Das Herz schlägt normalerweise 60 bis 80 mal pro Minute. Bei Belastung kann die Frequenz stark erhöht werden. Taktgeber ist der Sinusknoten an der Einmündung der oberen Hohlvene in den rechten Vorhof. Er unterliegt hormonellen und nervösen Einflüssen. Vom Sinusknoten breitet sich die Erregung des Herzens über die Vorhöfe zum AV-Knoten aus. Gleichzeitig kontrahieren sich die Vorhöfe. Vom AV-Knoten werden die Impulse auf schnellen Leitungsbahnen in beide Herzkammern weitergeleitet, so dass sich diese synchron und etwas nach den Vorhöfen kontrahieren.

Erkrankungen und deren Behandlung

Es gibt Rhythmusstörungen, die mit verlangsamter Herzfrequenz bis zum Herzstillstand oder fehlender Frequenzanpassung bei Belastungen einhergehen. Dabei handelt es sich um Erkrankungen des Sinusknotens (Sick Sinus Syndrom) oder Überleitungsstörungen der elektrischen Impulse auf die Herzkammern (atrio-ventrikular Block, AV-Block). Durch die langsame Herzfrequenz kommt es zu einer inadäquaten Pumpleistung mit Leistungsintoleranz, Schwindel, Bewusstlosigkeit und bei längerem Herzstillstand Hirnschlag und Tod. Medikamente, vor allem solche gegen schnelle Herzrhythmusstörungen, können die Überleitung oder die Funktion des Sinusknotens stören und sollten bei langsamer Herzfrequenz (Bradykardie) oder Pausen, wenn möglich abgesetzt werden. Langsame Herzrhythmusstörungen können mit einem Herzschrittmacher einfach und gut behandelt werden.

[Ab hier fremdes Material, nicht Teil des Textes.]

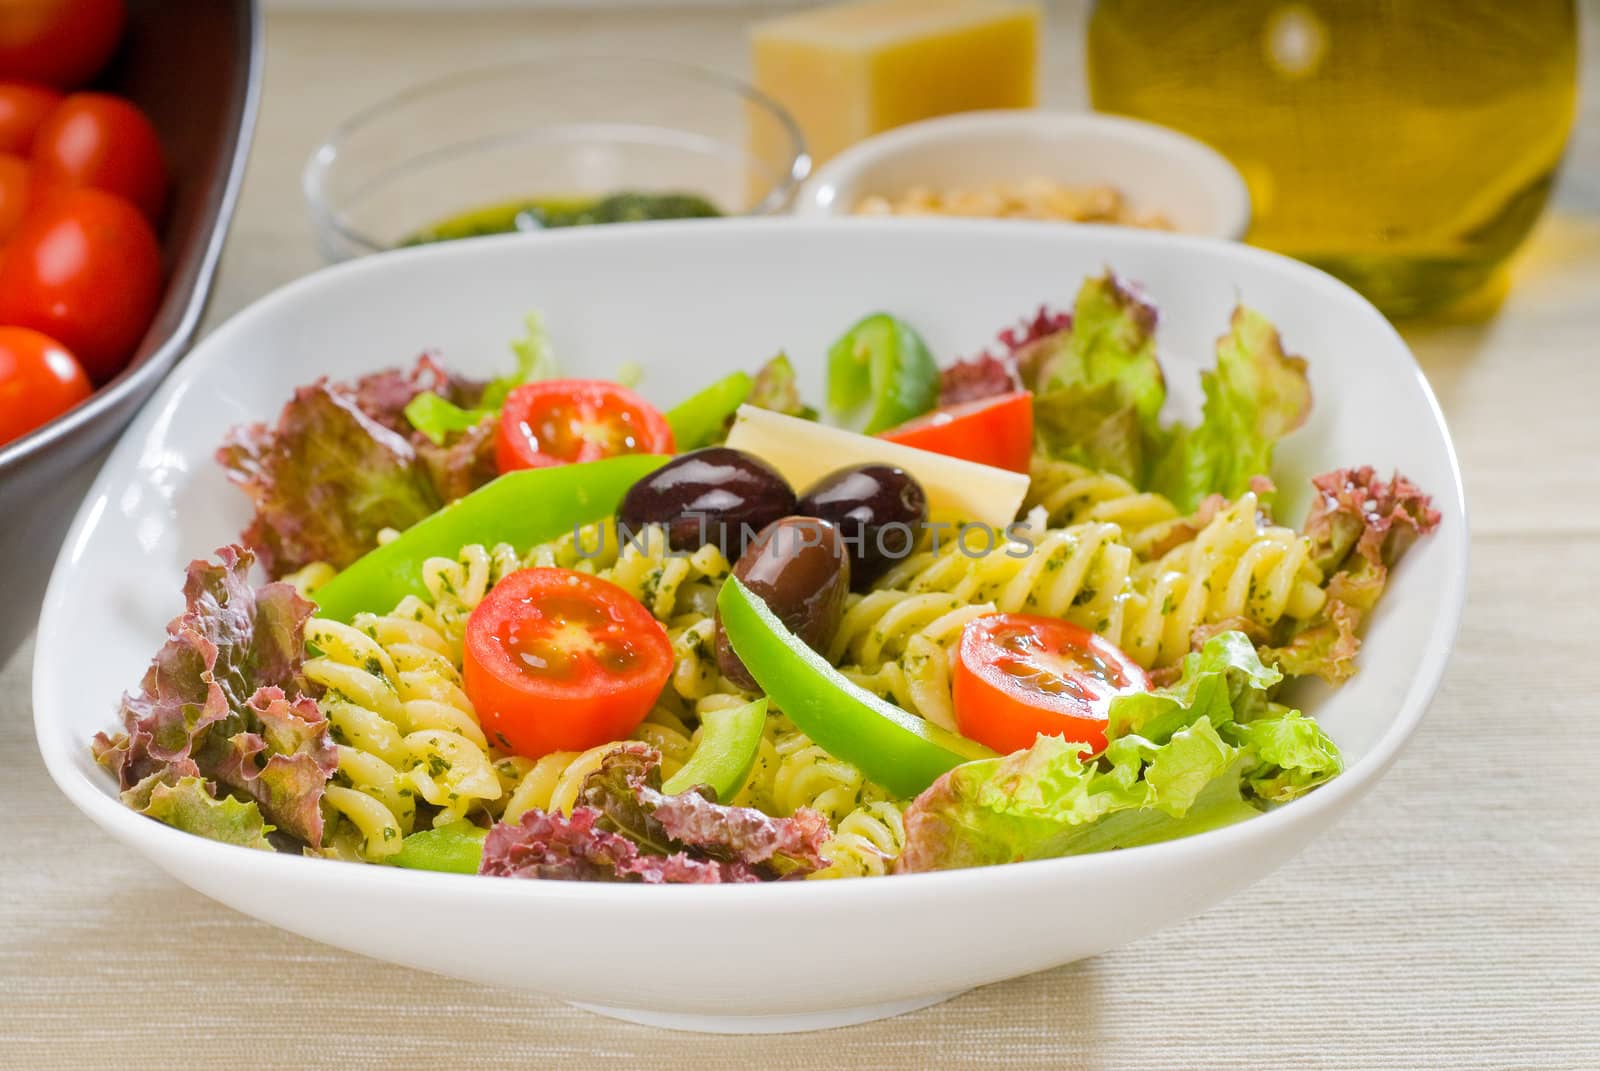 italian fusilli pasta salad by keko64

Potentiell lebensgefährliche Rhythmusstörungen betreffen die Herzkammern und reichen von vielen aus der Kammer kommenden Extraschlägen über Salven und Kammertachykardien bis zum Kammerflimmern. Lebensgefährlich sind solche Rhythmusstörungen, weil sie in einem Kammerflimmern und somit funktionellen Herzstillstand enden können. Die einzige und lebensrettende Behandlung für ein Kammerflimmern ist der Elektroschock (Defibrillation), der innert kürzester Zeit erfolgen muss. Bei Erkrankungen, die mit dem Risiko des Auftretens einer Kammertachykardie oder eines Kammerflimmerns einhergehen, ist die Indikation zur Implantation eines Defibrillators gegeben. Implantierbare Defibrillatoren sind etwas grössere Geräte als die Herzschrittmacher und werden ebenfalls unterhalb des Schlüsselbeines unter die Haut implantiert. Über ein oder zwei Elektroden, die in der Herzkammer und im Vorhof platziert werden, kann das Gerät jeden Herzschlag überwachen und Extraschläge, Tachykardien und Kammerflimmern entdecken und nötigenfalls den lebensrettenden Elektroschock abgeben. Selbstverständlich haben diese Geräte auch alle Funktionen der normalen Herzschrittmacher.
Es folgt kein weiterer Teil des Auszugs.